We suggest that there are two general approaches for appropriately dealing with polytomous nodes, both of which can be implemented within a Bayesian framework. The first involves the addition of missing taxa as empty sequences at the tree inference stage where the placement of missing species can be constrained using priors on topology. Topology priors might be derived from published phylogenies or taxonomic information. This has the advantage that the full suite of Bayesian phylogenetic tools (e.g. relaxed molecular clocks, molecular evolutionary parameters, tree priors) can be readily incorporated into the tree-building process along with the missing taxa. However, many previously published supertrees, with a high proportion of polytomies and representing a significant amount of research time, cannot be dealt with in this manner. We present a simple approach suitable for application to previously published trees (particularly supertrees) by modelling diversification at polytomies in dated phylogenetic trees. At present, there is no widely accepted model-based method of dealing with soft polytomies. Current methods either involve random resolution of the tree topology (either without specifying branch lengths or with branch lengths drawn from a specific distribution) or conversely by allowing analyses to work around the effects of polytomies rather than explicitly attempting to resolve them (see, e.g. FitzJohn, Maddison, & Otto 2009). Many uses of phylogenies require branch length distribution for all tips, so we do not consider topology-only approaches here.

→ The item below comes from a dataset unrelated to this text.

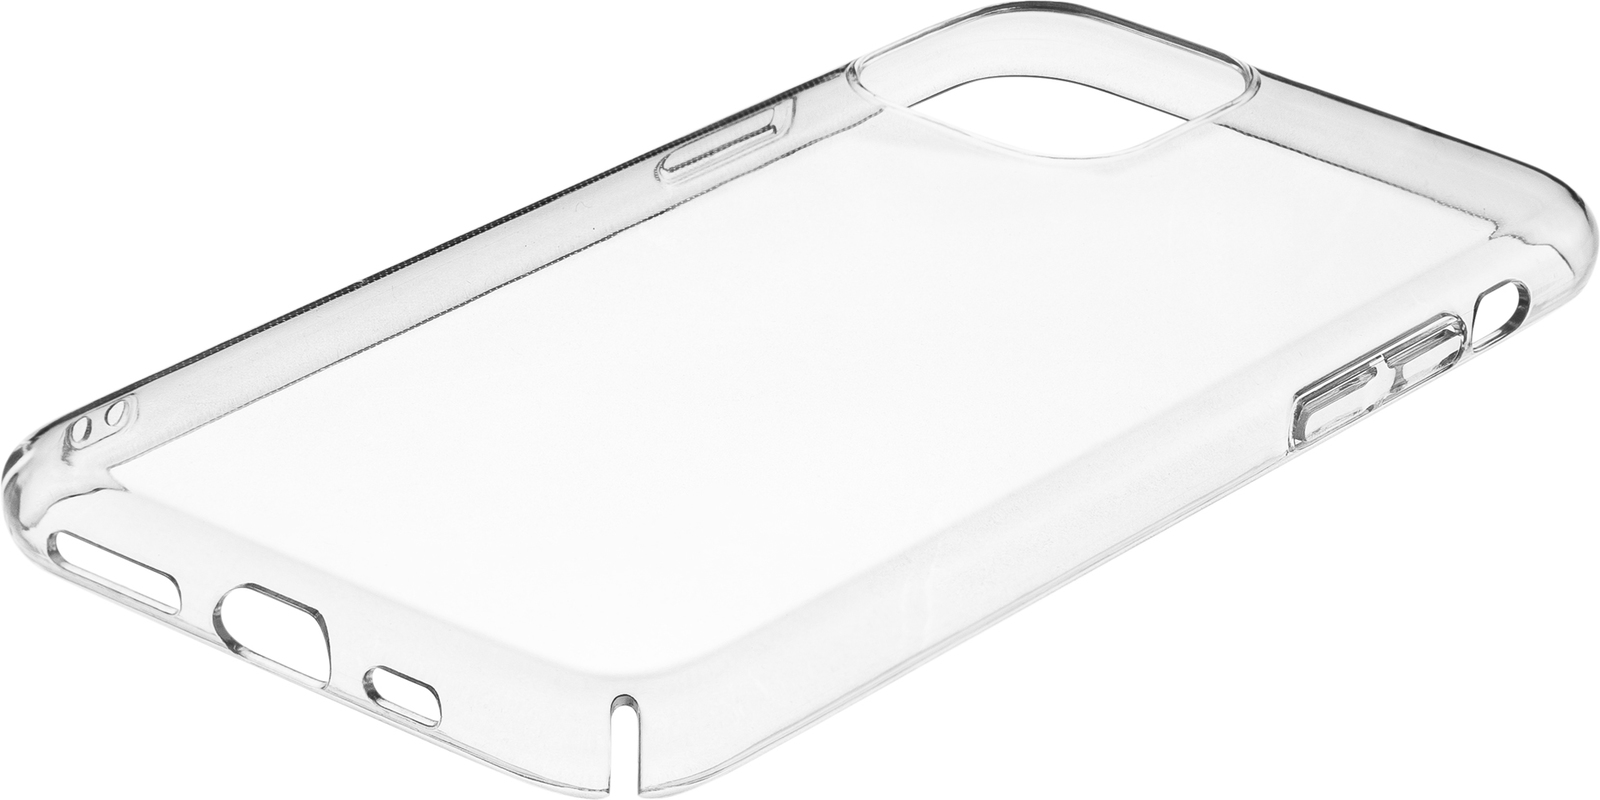 Sandberg Cover iPhone 11 Pro Hard Clear  406-58 - eet01

Several methods of assigning branch lengths exist. First, Purvis (1995) introduced an approach suggested by Sean Nee in which unknown node ages are proportional to the log of the daughter clade divided by the log of the parent clade (the LnN approach). This has been applied to dating unknown nodes within published phylogenies (Purvis 1995; Bininda-Emonds et al. 2007; Fritz, Bininda- Emonds, & Purvis 2009), but we note that this approach cannot properly be applied to polytomies that contain resolution nested within polytomies (see discussion in model comparison section). Second, branch lengths can be distributed evenly between the known parent age and the known daughter age (the equal splits, or EQS, approach; see Webb, Ackerly, & Kembel 2008). Third, branch lengths can be randomly assigned to the paths created during polytomy resolution. To our knowledge, this has not been published (but see, Day, Cotton, & Barraclough 2008), and we refer to two variants of the random approach: RND and RND2. The EQS, RND and RND2 approaches may be viable alternative approaches to polytomy resolution, as they do not make reference to any particular a priori model. However, their behaviour, inherent biases and impacts on phylogenetic inference have yet to be studied.

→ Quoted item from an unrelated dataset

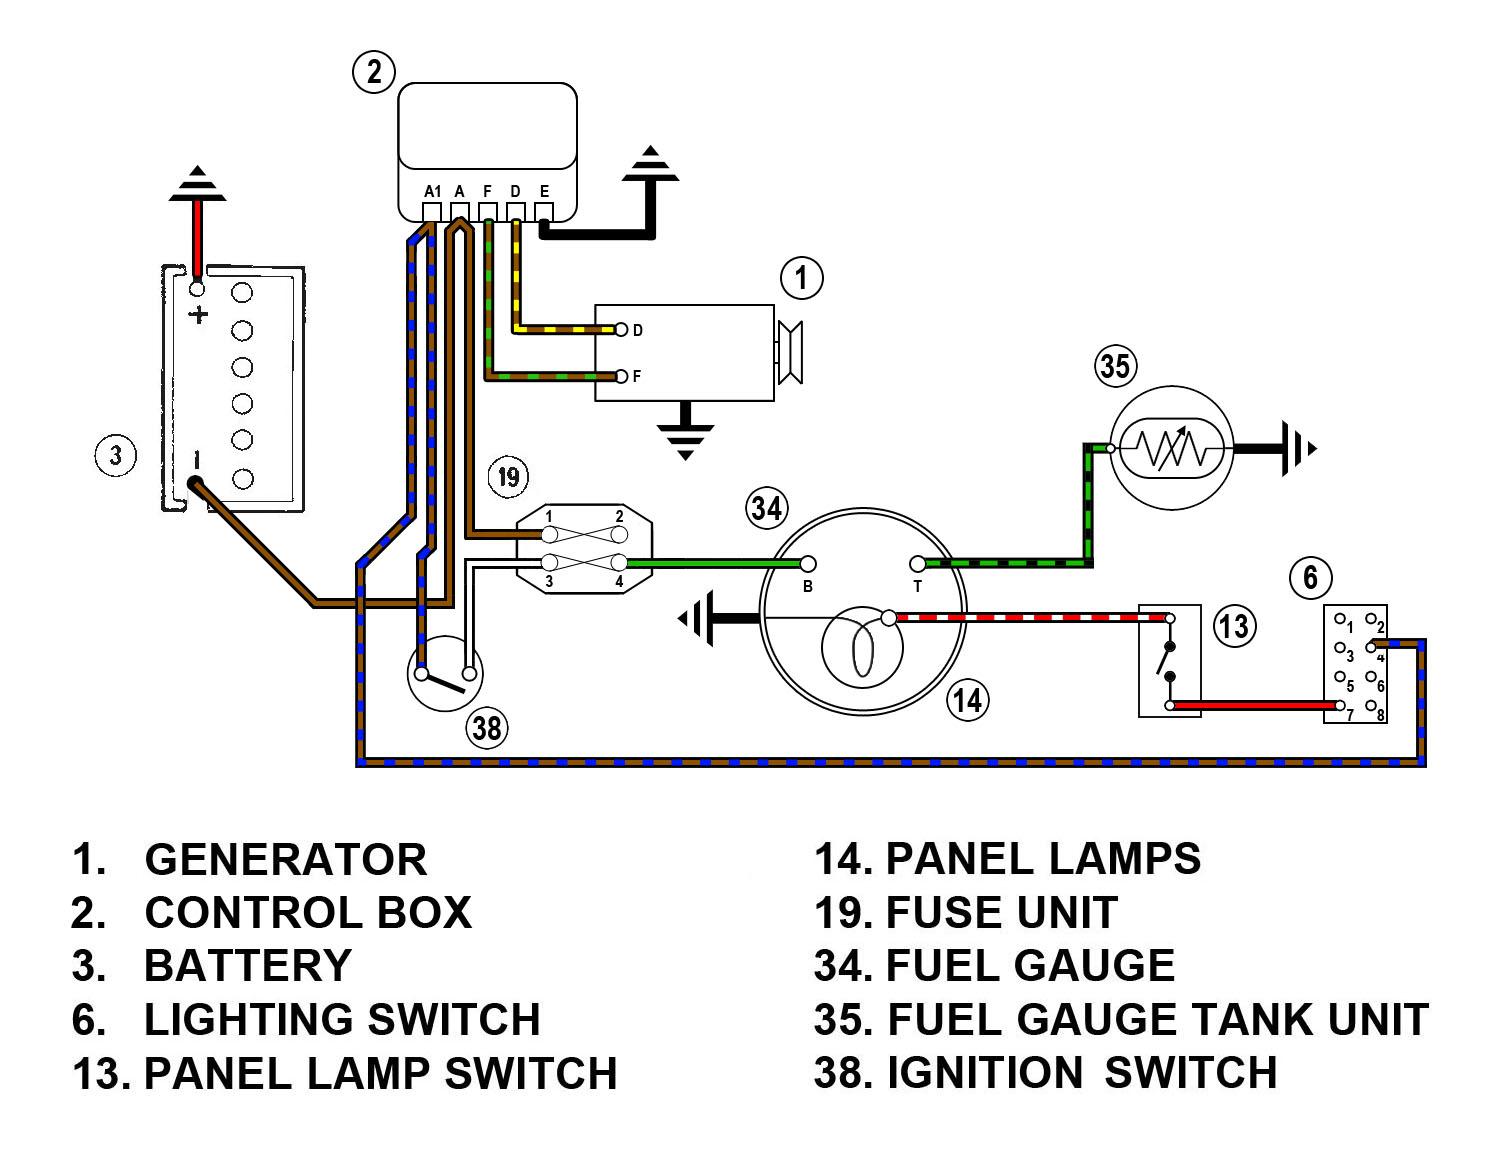 Marine Fuel Gauge Wiring Diagram | Wiring Diagram - Fuel Gauge Wiring Diagram

We propose an alternative approach that uses the constant rate birth–death model to sample from topologies and branch length distributions at polytomies, referred to herein as the BD approach. Analyses can then be applied to the resulting pseudo-posterior distributions of trees. This approach leverages the power of the beast phylogenetic inference package (Drummond et al. 2002; Drummond & Rambaut 2007) to explore tree space. We demonstrate the efficacy of this model-based approach to polytomy resolution by comparing its behaviour to other previously used resolution approaches, as well as through its application to both simulated and published phylogenies. We explore how the polytomy-resolved phylogenies perform in commonly used tests of lineage diversification. We also show that the method can be applied to large trees by providing a distribution of fully resolved mammal supertrees generated from a recently updated mammalian supertree containing 5020 terminal taxa but >2500 unresolved nodes (Fritz, Bininda-Emonds, & Purvis 2009).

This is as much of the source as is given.